Batterieladestationen / Zusammenfassung
 

Begriff

Batterieladestationen sind Räume, in denen Batterien von elektrobetriebenen Flurförderzeugen vorübergehend zum Laden aufgestellt werden und in denen gleichzeitig die Ladegeräte untergebracht sind. Davon zu unterscheiden ist der Batterieraum bzw. Batterieladeraum, in dem die Batterien zwar ebenfalls vorübergehend zum Laden aufgestellt werden, von dem die Ladegeräte aber räumlich getrennt sind. Batterieladeanlagen umfassen Batterieladeräume, Batterieladestationen, Einzelladeplätze und die zum Laden erforderlichen elektrischen Betriebsmittel. Sie sind von anderen Betriebsbereichen durch geeignete Maßnahmen, z. B. Wände, Abstände, Hindernisse oder Kennzeichnung, räumlich abgegrenzt.

 

Gesetze, Vorschriften und Rechtsprechung

Es gibt keine speziellen Vorschriften über die bauliche und sicherheitstechnische Gestaltung von Batterieladestationen.
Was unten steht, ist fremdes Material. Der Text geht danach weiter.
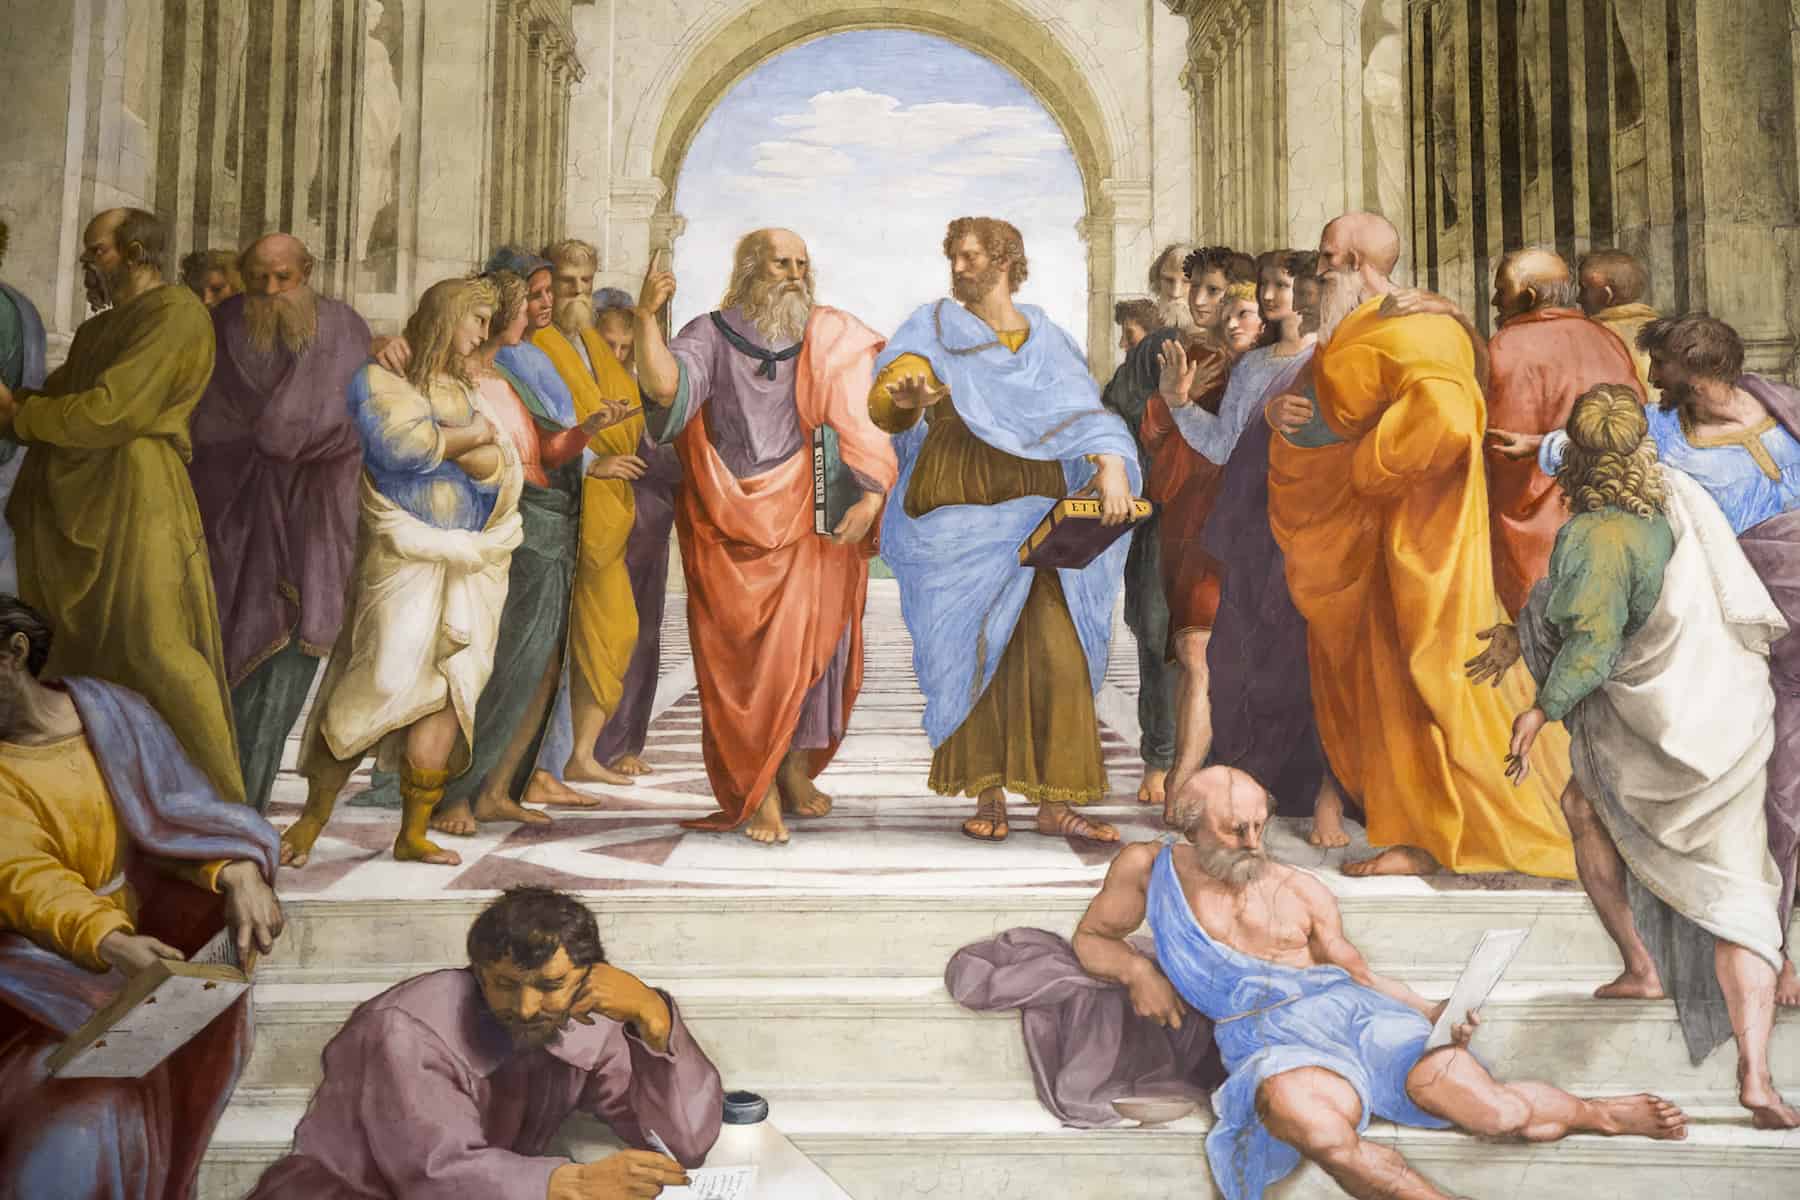 Image: Raphael, "School of Athens" (detail of Plato and Aristotle), 1509-1511. Stanza della Segnatura, Palazzi Pontifici, Vatican
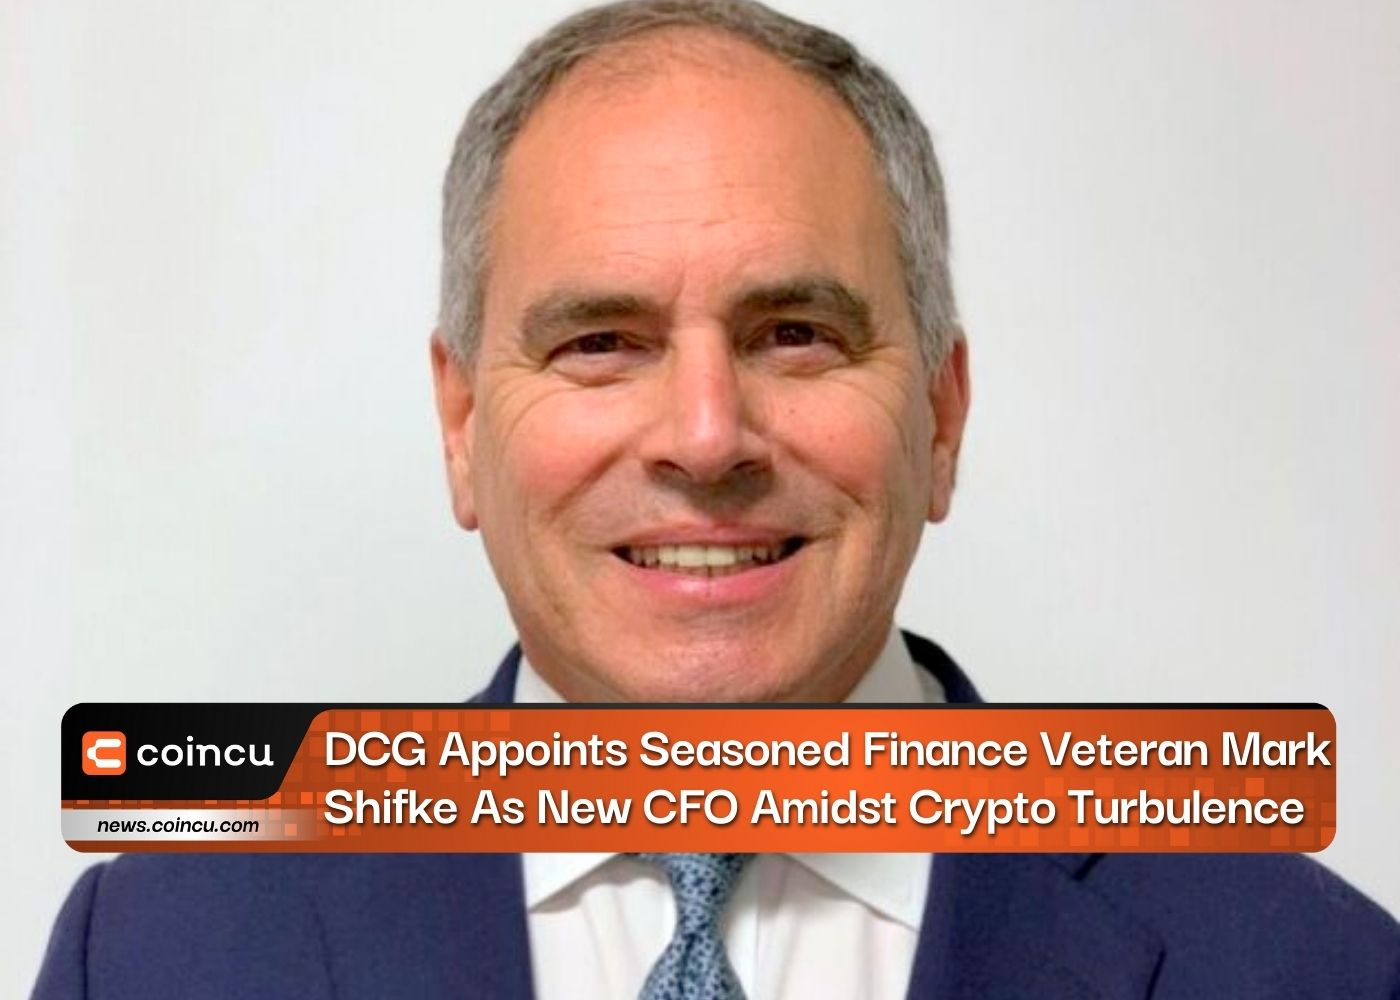 DCG Appoints Seasoned Finance Veteran Mark Shifke As New CFO Amidst Crypto Turbulence

Allgemeine Vorgaben zur Gestaltung von Arbeitsplätzen enthält u. a. die DGUV-V 1 "Grundsätze der Prävention". Für die Umsetzung der allgemeinen Vorgaben und zum Stand der Technik geben die VdS 2259 "Batterieanlagen für Elektrofahrzeuge", informativ die zurückgezogene DGUV-I 209-067 "Sicherheit beim Einrichten und Betreiben von Batterieladeanlagen" sowie BGHW Spezial SP02 "Einsatz von Flurförderzeugen" Hilfestellung. In Batterieladestationen ist mit der Bildung von Wasserstoff und explosionsfähigen Atmosphären zu rechnen. Daher sind zur Verhinderung von Explosionsgefahren die Vorschriften der Gefahrstoffverordnung in Hinblick auf die Vermeidung von gefährlichen explosionsfähigen Atmosphären im Rahmen der Ersatzstoff- und Ersatzverfahrensprüfung unter Beachtung des Minimierungsgebots durch technische Maßnahmen wie Absaugung/Lüftung zu beachten. Ist eine explosionsfähige Atmosphäre nicht zu verhindern, sind die Schutzmaßnahmen nach Anhang I Nummer 1 GefStoffV zu beachten. Ferner ist im Rahmen der Gefährdungsbeurteilung nach § 6 Abs. 9 GefStoffV ein Explosionsschutzdokument zu erstellen.